═══ EXERCISE INPUT

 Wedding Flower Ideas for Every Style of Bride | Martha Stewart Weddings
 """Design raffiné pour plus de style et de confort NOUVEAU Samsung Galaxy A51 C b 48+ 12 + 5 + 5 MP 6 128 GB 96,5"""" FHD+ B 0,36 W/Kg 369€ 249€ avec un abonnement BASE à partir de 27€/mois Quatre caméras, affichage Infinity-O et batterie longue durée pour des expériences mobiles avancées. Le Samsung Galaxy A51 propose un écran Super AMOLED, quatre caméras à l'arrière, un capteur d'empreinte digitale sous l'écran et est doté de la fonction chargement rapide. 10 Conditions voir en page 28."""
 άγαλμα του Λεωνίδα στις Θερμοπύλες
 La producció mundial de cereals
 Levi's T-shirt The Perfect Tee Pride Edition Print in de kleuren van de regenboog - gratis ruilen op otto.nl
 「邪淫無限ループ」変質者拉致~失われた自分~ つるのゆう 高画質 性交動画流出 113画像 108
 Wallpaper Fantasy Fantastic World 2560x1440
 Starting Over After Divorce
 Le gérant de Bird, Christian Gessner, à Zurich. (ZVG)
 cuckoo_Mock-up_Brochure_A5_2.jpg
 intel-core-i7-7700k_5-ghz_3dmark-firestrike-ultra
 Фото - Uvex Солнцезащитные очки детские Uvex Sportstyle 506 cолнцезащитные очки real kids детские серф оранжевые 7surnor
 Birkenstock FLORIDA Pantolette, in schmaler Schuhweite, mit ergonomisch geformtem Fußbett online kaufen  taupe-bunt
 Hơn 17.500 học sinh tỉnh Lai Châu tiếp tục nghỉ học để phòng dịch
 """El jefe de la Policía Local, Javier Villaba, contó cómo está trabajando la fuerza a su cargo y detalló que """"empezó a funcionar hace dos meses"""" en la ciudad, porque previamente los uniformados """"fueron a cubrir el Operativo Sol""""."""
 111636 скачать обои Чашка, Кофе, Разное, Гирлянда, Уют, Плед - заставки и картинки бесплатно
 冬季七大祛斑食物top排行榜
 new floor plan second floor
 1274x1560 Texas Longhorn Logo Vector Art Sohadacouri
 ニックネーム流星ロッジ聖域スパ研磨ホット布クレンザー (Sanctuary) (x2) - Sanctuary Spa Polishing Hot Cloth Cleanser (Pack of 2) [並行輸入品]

══════

* **YOUR ASSIGNMENT**
Return, word for word, the lines of the data above from the line with "άγαλμα του Λεωνίδα στις Θερμοπύλες" through the line with "intel-core-i7-7700k_5-ghz_3dmark-firestrike-ultra", inclusive.

* **RESULT OF THIS EXERCISE**
 άγαλμα του Λεωνίδα στις Θερμοπύλες
 La producció mundial de cereals
 Levi's T-shirt The Perfect Tee Pride Edition Print in de kleuren van de regenboog - gratis ruilen op otto.nl
 「邪淫無限ループ」変質者拉致~失われた自分~ つるのゆう 高画質 性交動画流出 113画像 108
 Wallpaper Fantasy Fantastic World 2560x1440
 Starting Over After Divorce
 Le gérant de Bird, Christian Gessner, à Zurich. (ZVG)
 cuckoo_Mock-up_Brochure_A5_2.jpg
 intel-core-i7-7700k_5-ghz_3dmark-firestrike-ultra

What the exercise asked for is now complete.